Councilman Chris Cooper, who has served on the council for less than a year, gave a verbal announcement of his immediate resignation at the special called meeting on Tuesday, Oct. 20.

"I, Chris Cooper, at this present time, give up my seat on this council," he said.

Burgin City Attorney Tom Hensley advised Cooper to take a week and reconsider his resignation. If, after that time, he still wanted to resign, he should bring it back in written form.

Cooper left the meeting and could not be reached for comment.

The council had just come out of executive session where they discussed — loudly at times — possible litigation and ethics issues.

While the city attorney declined to explain the issue beyond saying no action was taken, Mayor George Hensley said it was about a possible conflict of interest violation.

"The ethics board sent us a letter that my son shouldn't be working here while I'm the mayor," said Burgin Mayor George Hensley after the meeting.

One of Hensley's initiatives since being elected mayor has been to reduce expenses.
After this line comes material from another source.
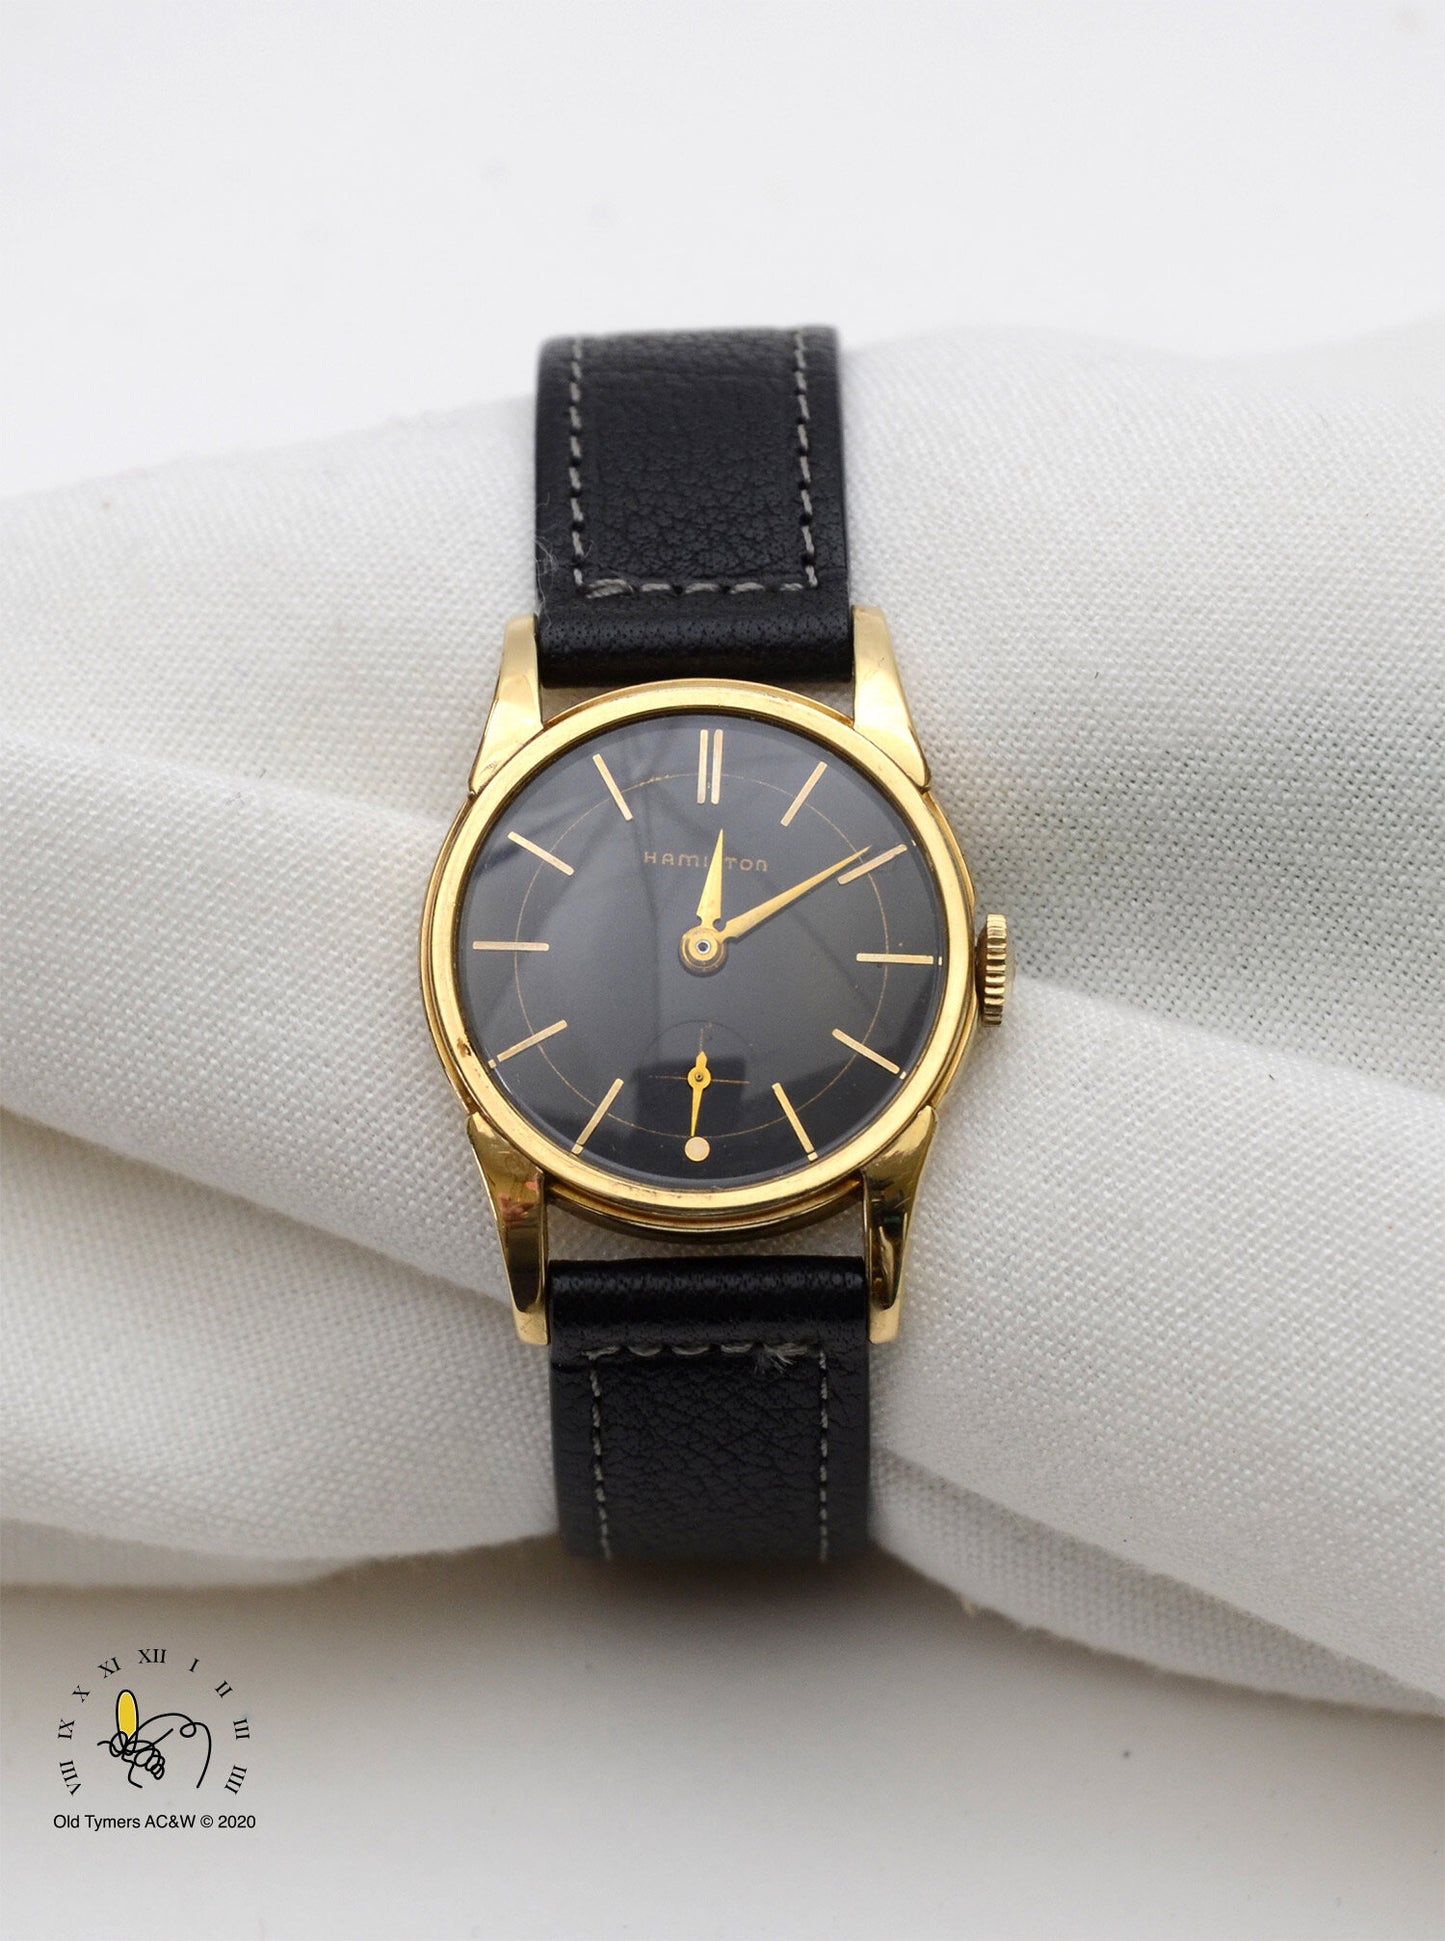 Hamilton 987A Wrist Watch

His main effort was doing away with the city's contract with Ray West for plowing the city's streets in favor of hiring contractors as needed. Cooper abstained in a vote in June to allow West's contract with the city to expire. West continues to maintain Burgin's cemetery.

In last week's meeting, Cooper took the unusual move ot asking to table the vote to approve the city's monthly expenditures, saying he didn't want to vote when the City Attorney was absent. The special meeting was called to approve the expenditures.

At last week's meeting, Cooper also suggested hiring an outside contractor to plow the city's streets, which was approved by the council. They will begin advertising for bids this week.

After the meeting, Hensley said there was no conflict of interest in his employing his son, Shane.

"He's been working for us since before I was on the council," he said.

Shane Hensley's employment with Burgin has been the subject of controversy before. In 2012, a citizen complained to the council about Shane Hensley reading city water meters as a "volunteer," citing workman's compensation issues.

Back then, City Attorney Tom Hensley explained the city contracted the management of the water department to George Hensley, and anyone working for the department were Hensley's employees, not the city's. Sexton questioned whether volunteer workers are covered by Hensley's worker's compensation and liability insurance.

"I have never stolen from or lied to this city," said George Hensley Tuesday night. Hensley has worked for the city in various capacities for over 40 years.

He attributed the recent troubles to animosity from a group of individuals he declined to name publicly.

"I've got two or three in this town causing trouble," Hensley said. "They're just jealous."